Two examples illustrate what I think should be the extremes. If your sequence is random, then every finite subsequence occurs infinitely often, which means that it is easy to find translates that converge pointwise to any sequence you like. In particular, you can make the final sequence constant, though what interests me is that it is highly structured.

By contrast, let's suppose that the sequence is quasiperiodic, or more concretely that you take a real number $\alpha$ and define $x_n$ to be 1 or -1 according to whether the integer part of $\alpha n$ is even or odd. In that case, it is not hard to prove that every pointwise limit is quasiperiodic as well. (Unless I've made a mistake, the result is that there must be some $\beta$ such that $z_n$ is 1 or -1 according to whether the integer part of $\alpha n+\beta$ is even or odd.)

What can be said in general? Can we always "get rid of the randomness" and find a highly structured limit? And what does "highly structured" mean? Perhaps that an associated dynamical system is compact, though I'd ideally like a characterization in terms of the sequence itself.

This question ought to be meat and drink to ergodic theorists. Indeed, I feel slightly guilty for not knowing the answer already. It arises naturally in a Polymath project (which can be found by searching for "Erdos discrepancy problem").

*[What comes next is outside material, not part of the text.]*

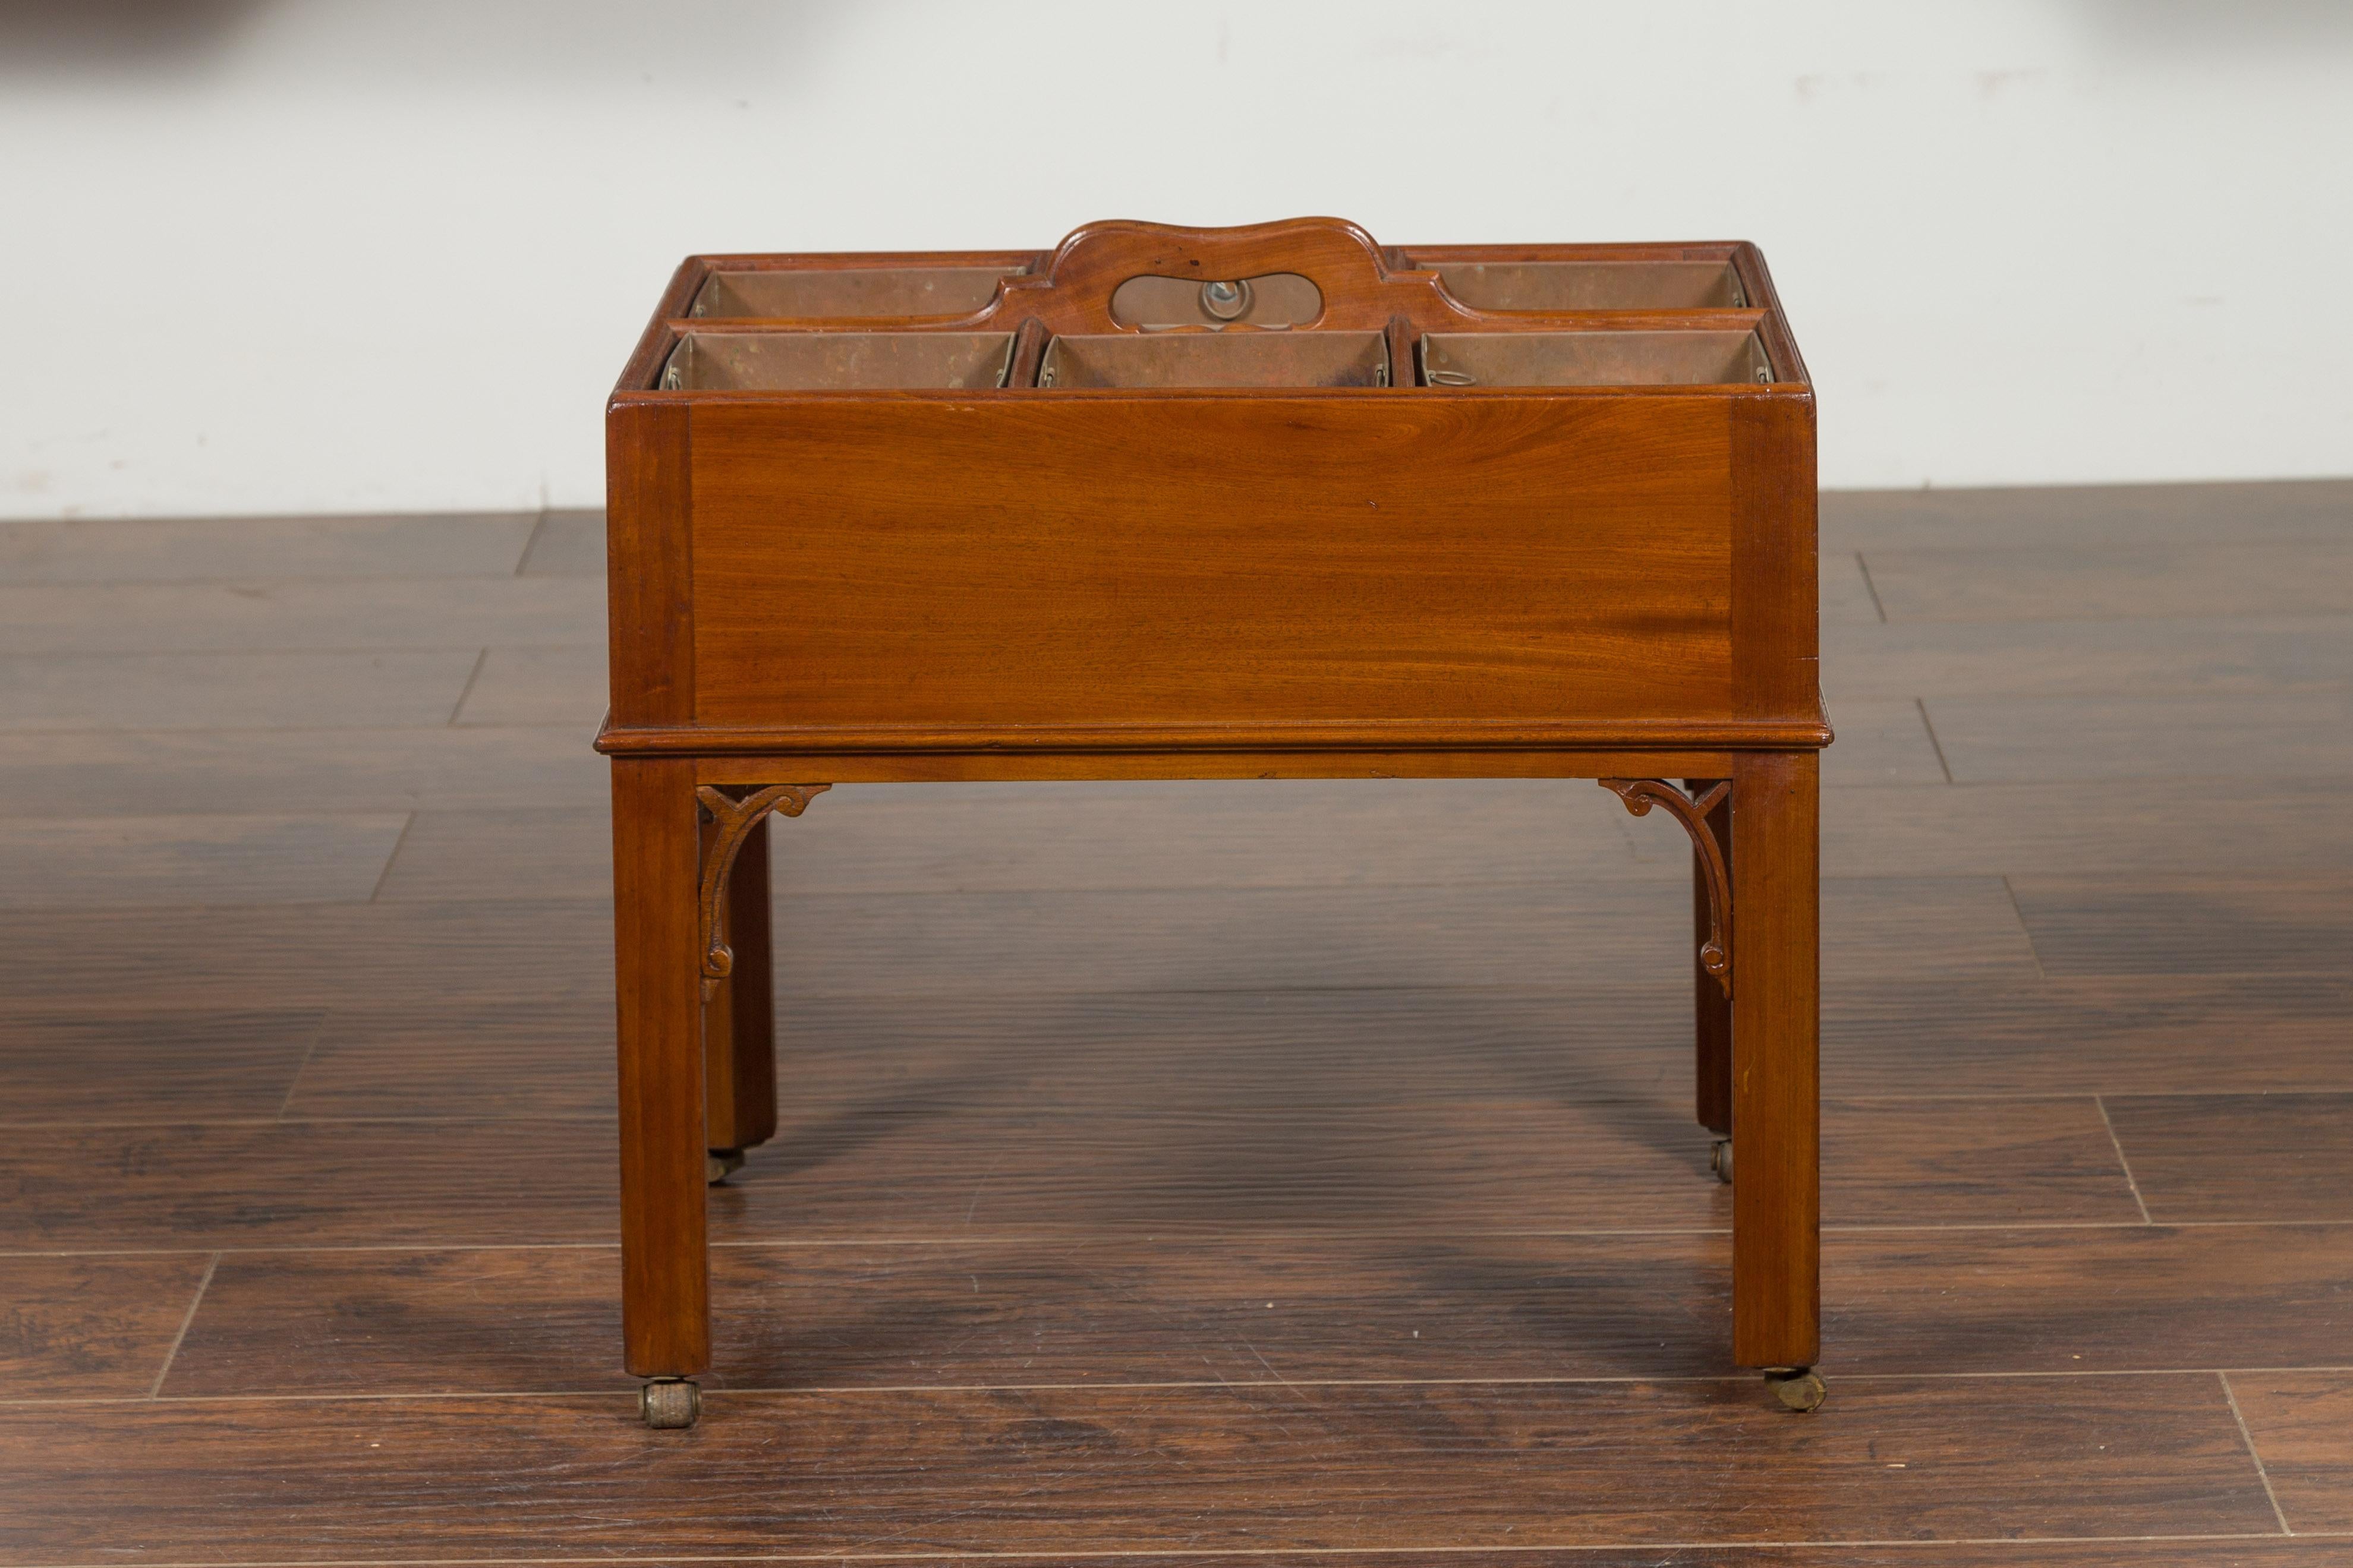 An English mahogany copper lined wine caddy from the mid-19th century, with carved spandrels and casters. Created in England during the third quarter of the 19th century, this wine caddy features a rectangular partitioned top securing six removable

Added later: I've just realized one simple lemma. Suppose you want to get rid of some finite subsequence. Then you can do it if you can find arbitrarily long subsequences that avoid that finite subsequence. So either you can get rid of the subsequence, or it occurs in the original sequence with bounded gaps. I think that means you can reach a sequence such that every finite subsequence that appears appears with bounded gaps.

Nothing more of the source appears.